From the records below, please print only the lines from the one containing "STANCE Zombie Astronaut Crew Socks" through the one containing "Baguio City pasalubong strawberry jam", both included. Skip the pictures.

Records to use ▸
*** Block opens ***

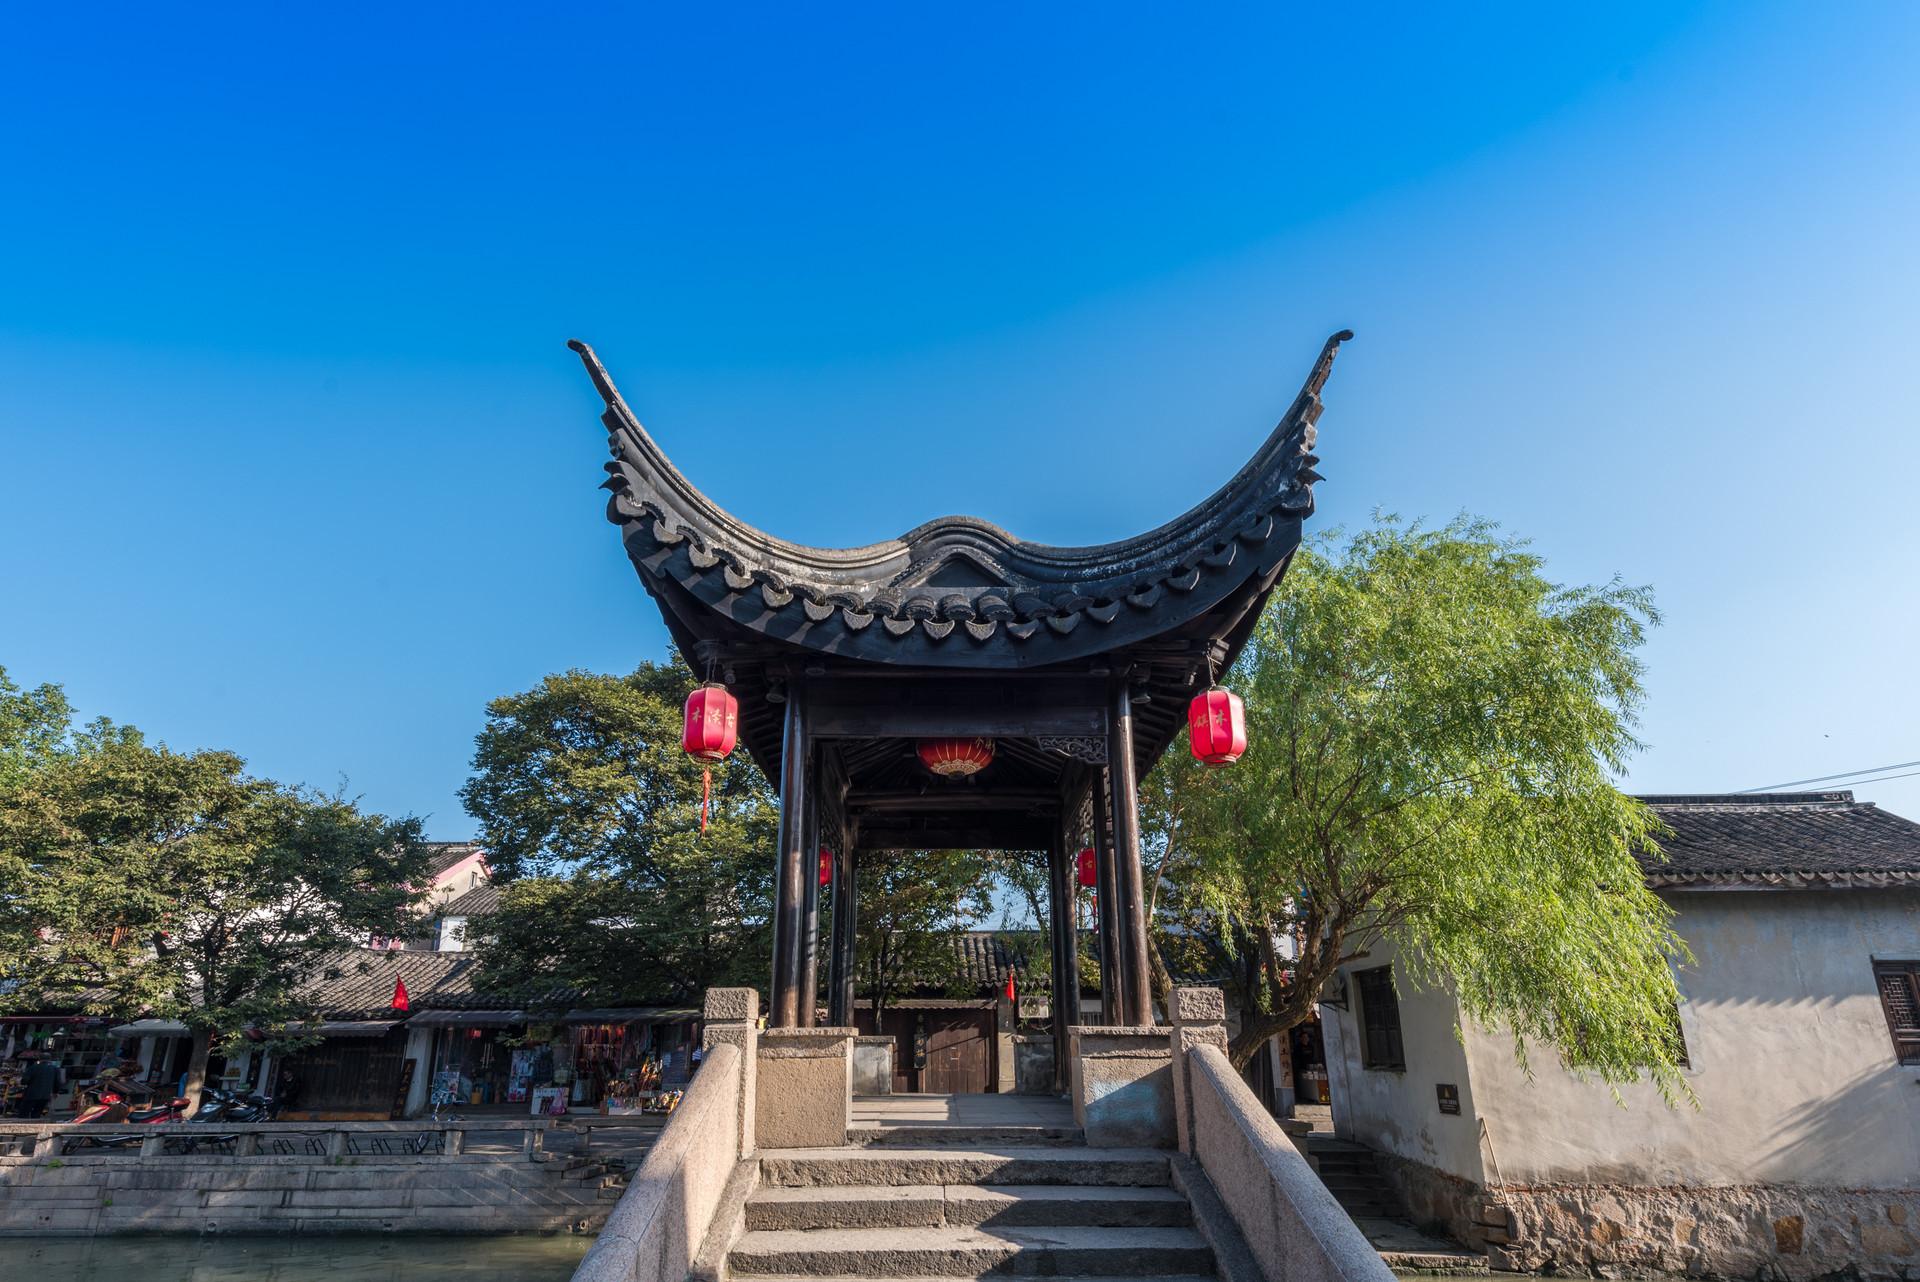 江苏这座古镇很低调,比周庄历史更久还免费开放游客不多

*** Block closes ***
*** Block opens ***

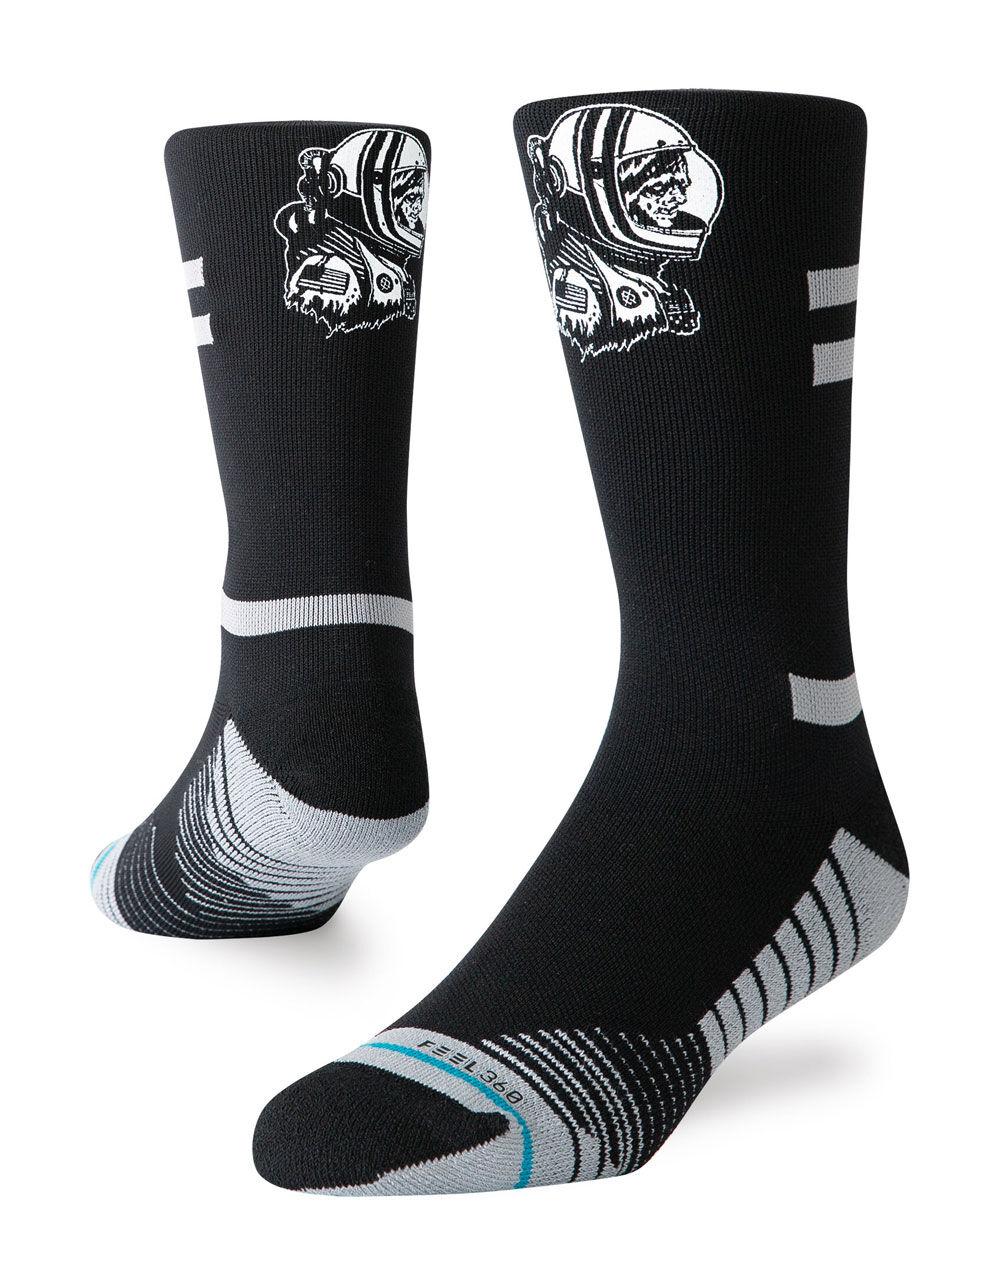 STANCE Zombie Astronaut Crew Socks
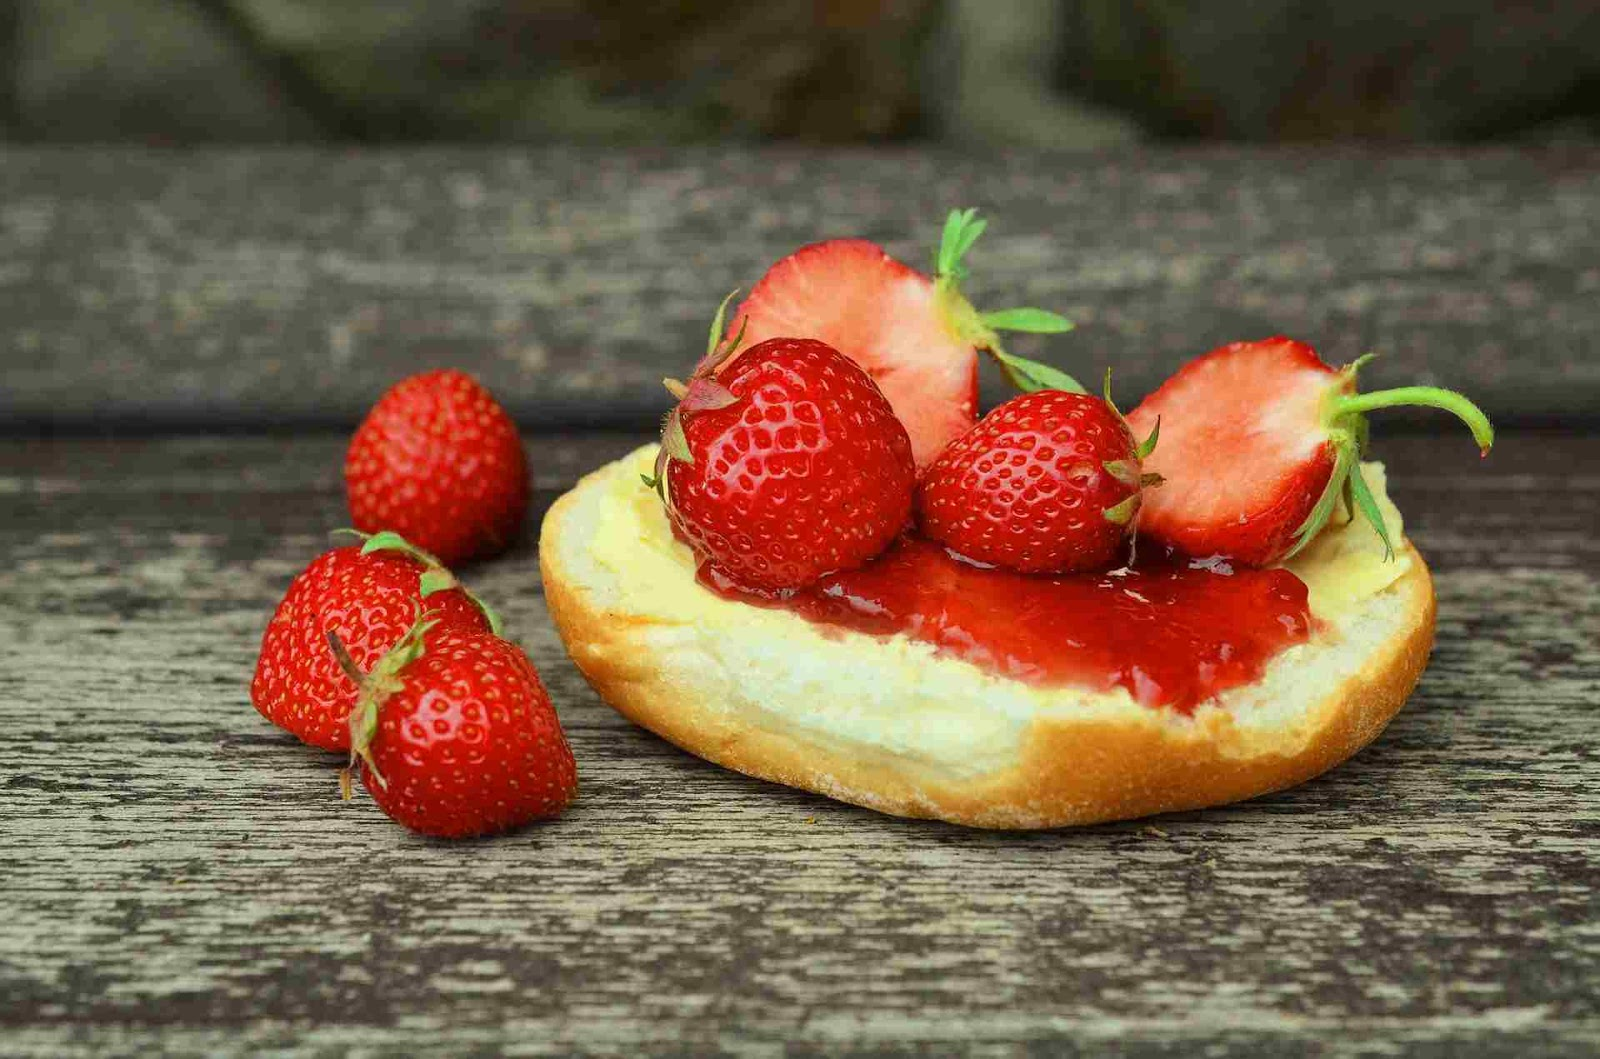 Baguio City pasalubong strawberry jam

*** Block closes ***

Problem solution ▸
 STANCE Zombie Astronaut Crew Socks
 Baguio City pasalubong strawberry jam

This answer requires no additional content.